▶ _WHAT NEEDS TO BE DONE_
Please repeat each line from the one holding "お尻マングルディーラー週刊ポスト 2019年 11月8日?15日号 [雑誌]" through the final line of the data, exactly as it stands, with no pictures.

▶ _INFORMATION SUPPLIED_
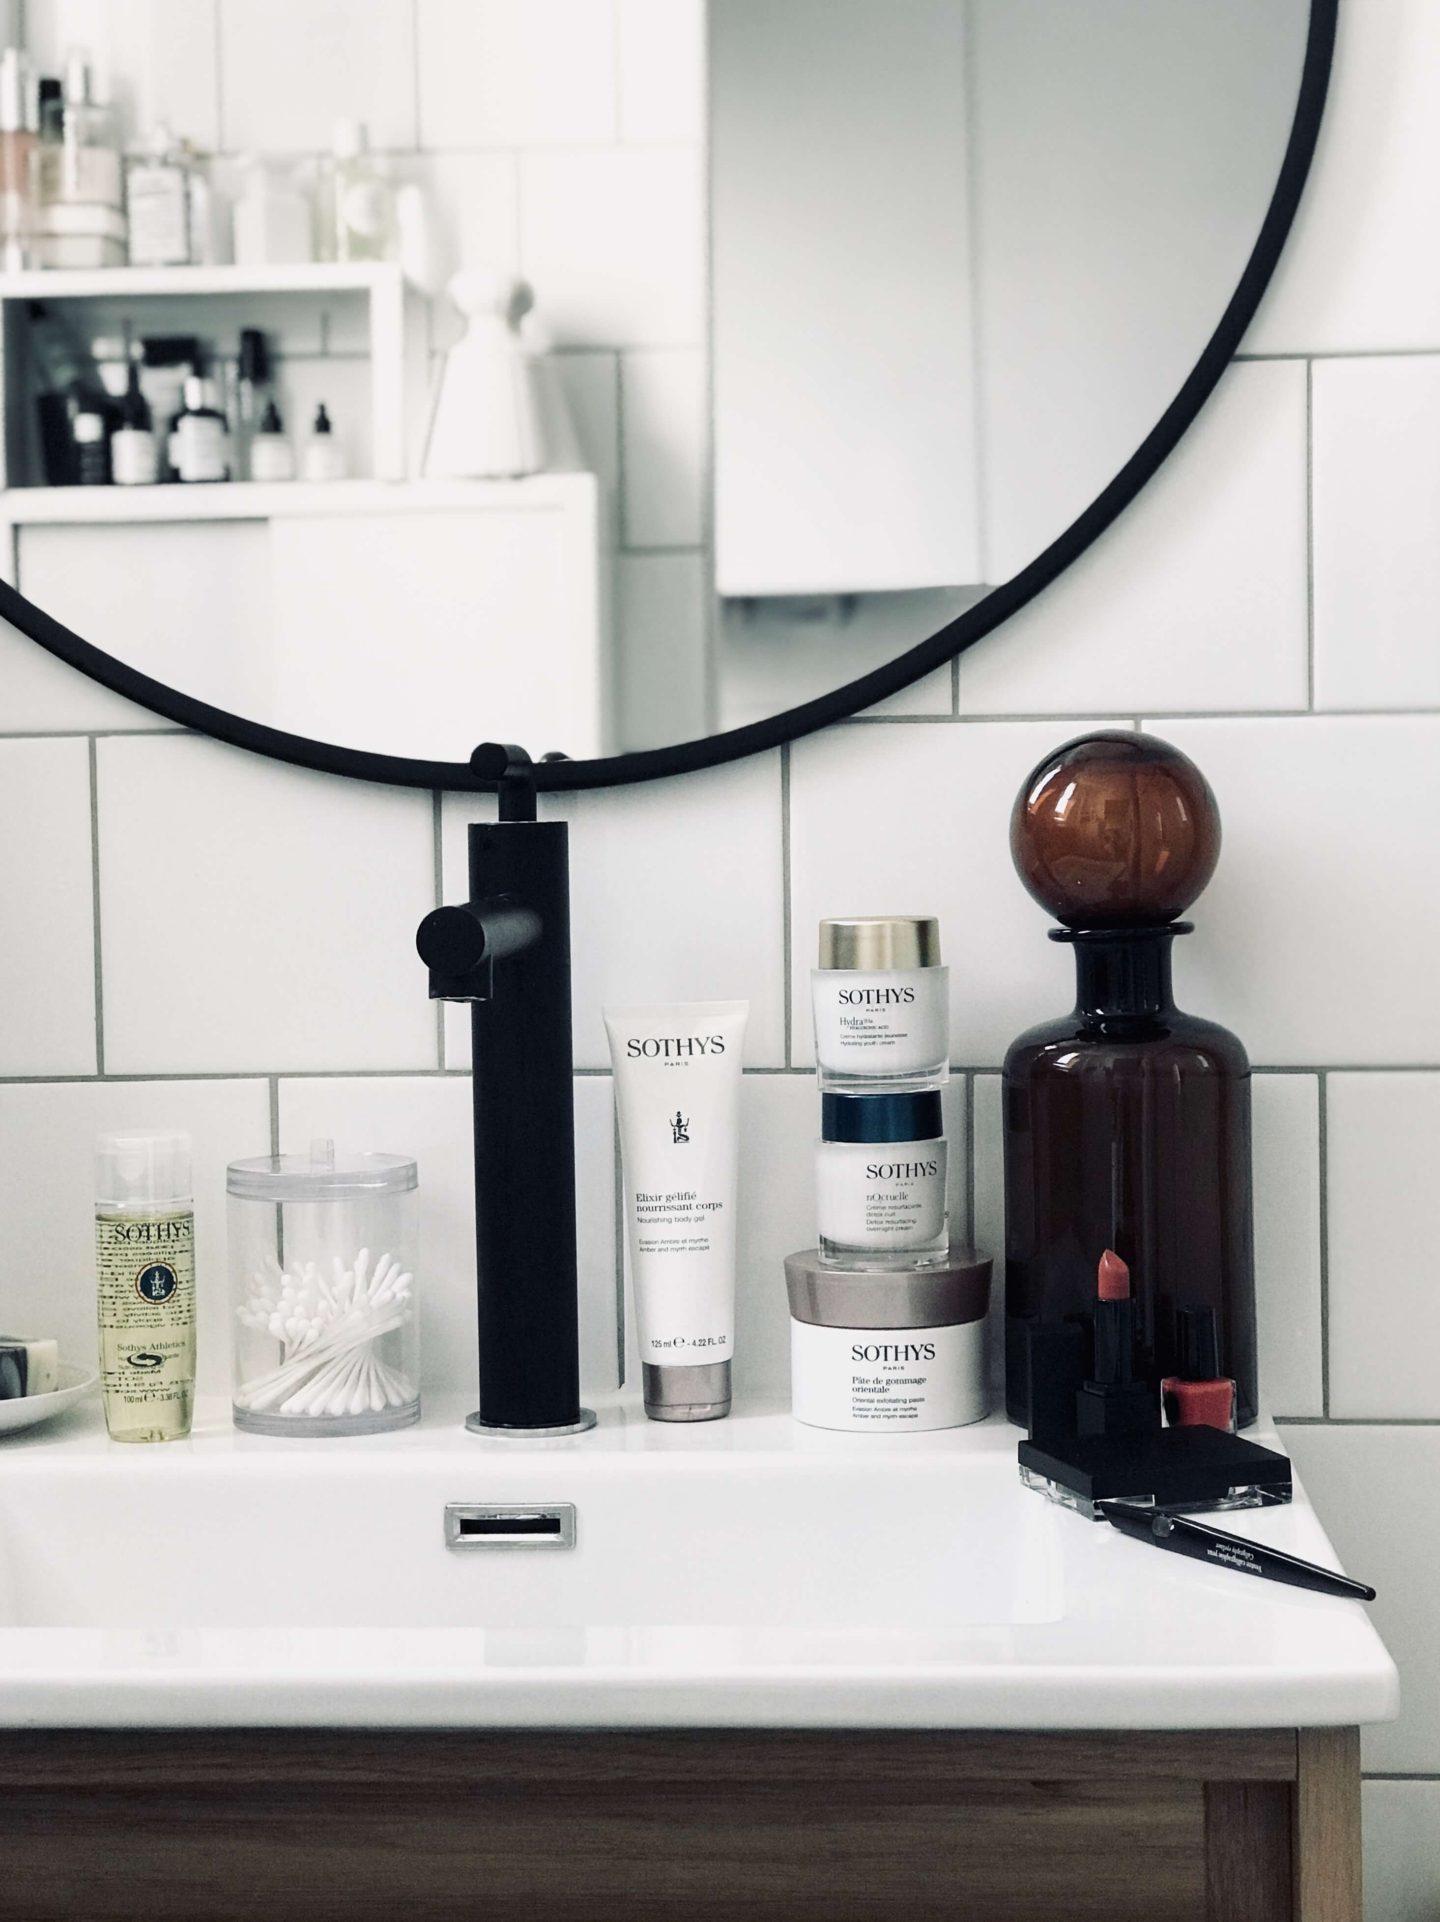 Sothys Paris cosmétique soins spa institut L'atelier d'al blog lifestyle mode fashion
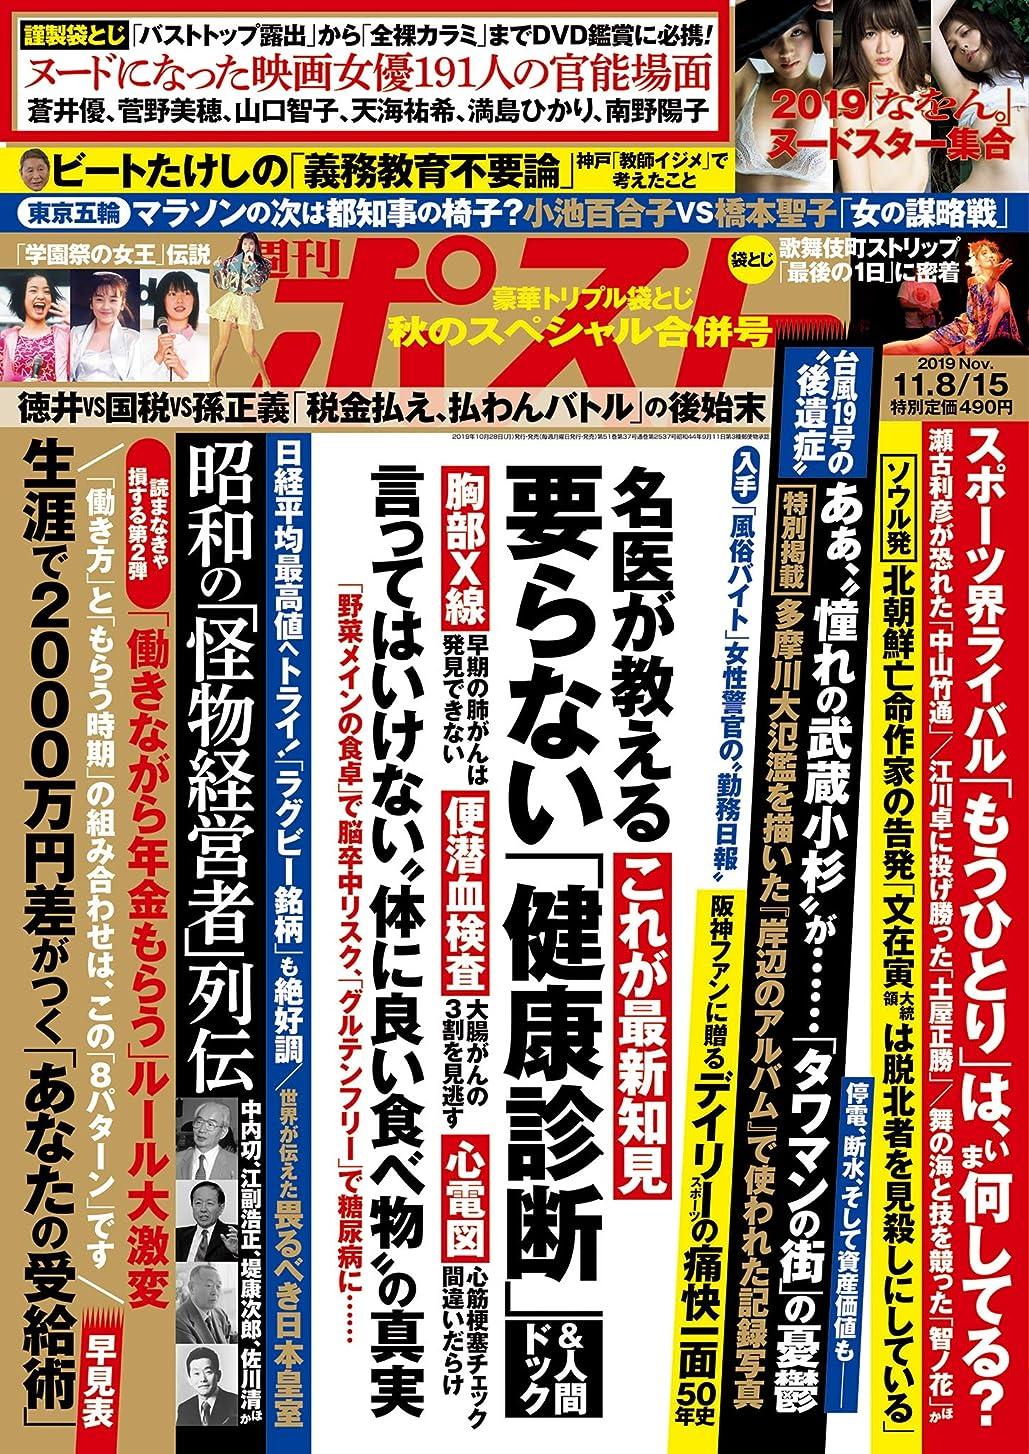 お尻マングルディーラー週刊ポスト 2019年 11月8日?15日号 [雑誌]
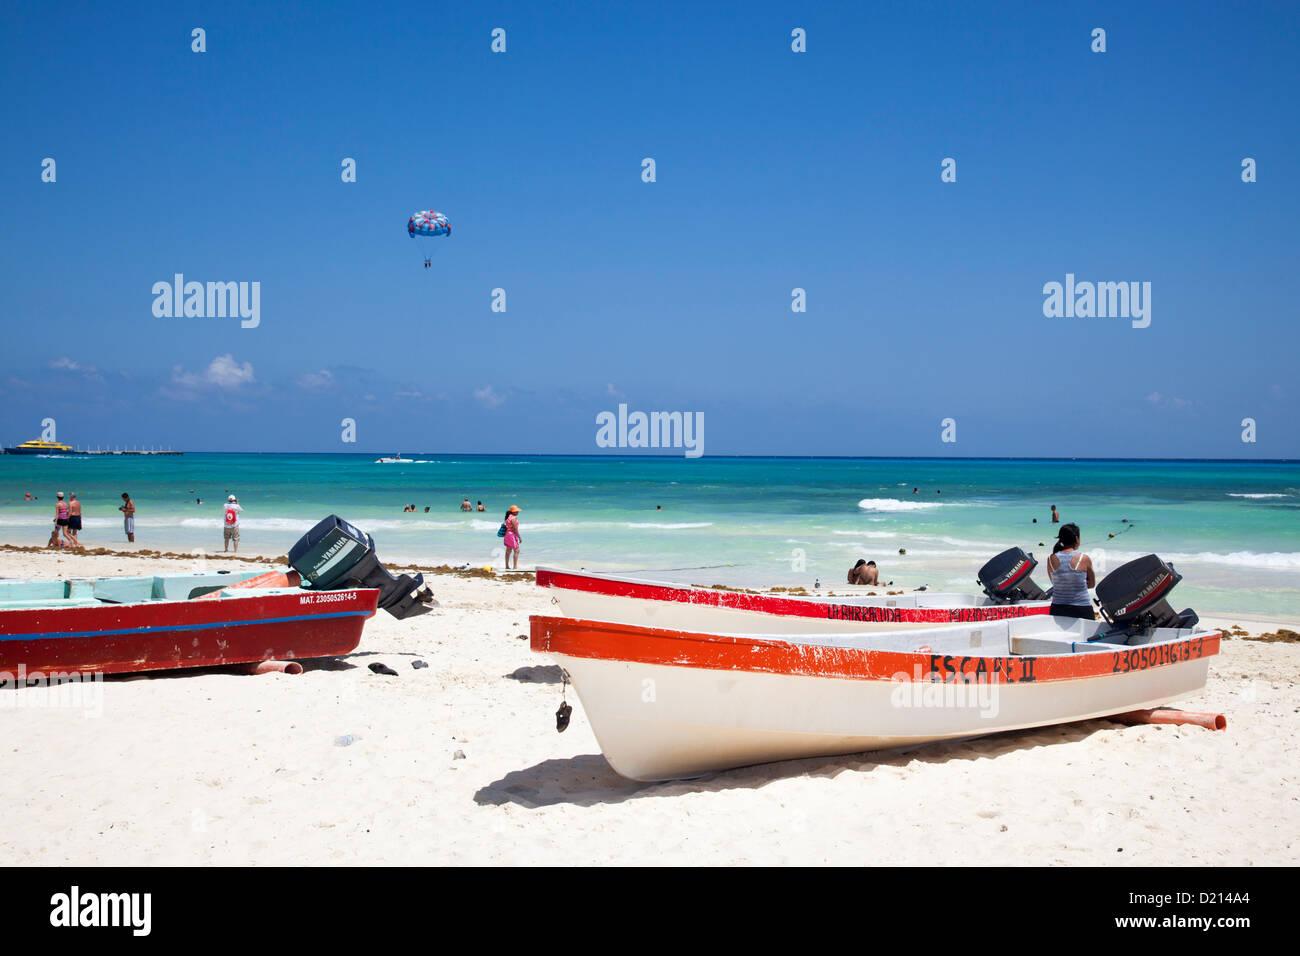 Fishing boats on the beach, Playa del Carmen, Riviera Maya, Quintana Roo, Mexico Stock Photo

▶ _ANSWER FOR THE TASK_
 お尻マングルディーラー週刊ポスト 2019年 11月8日?15日号 [雑誌]
 Fishing boats on the beach, Playa del Carmen, Riviera Maya, Quintana Roo, Mexico Stock Photo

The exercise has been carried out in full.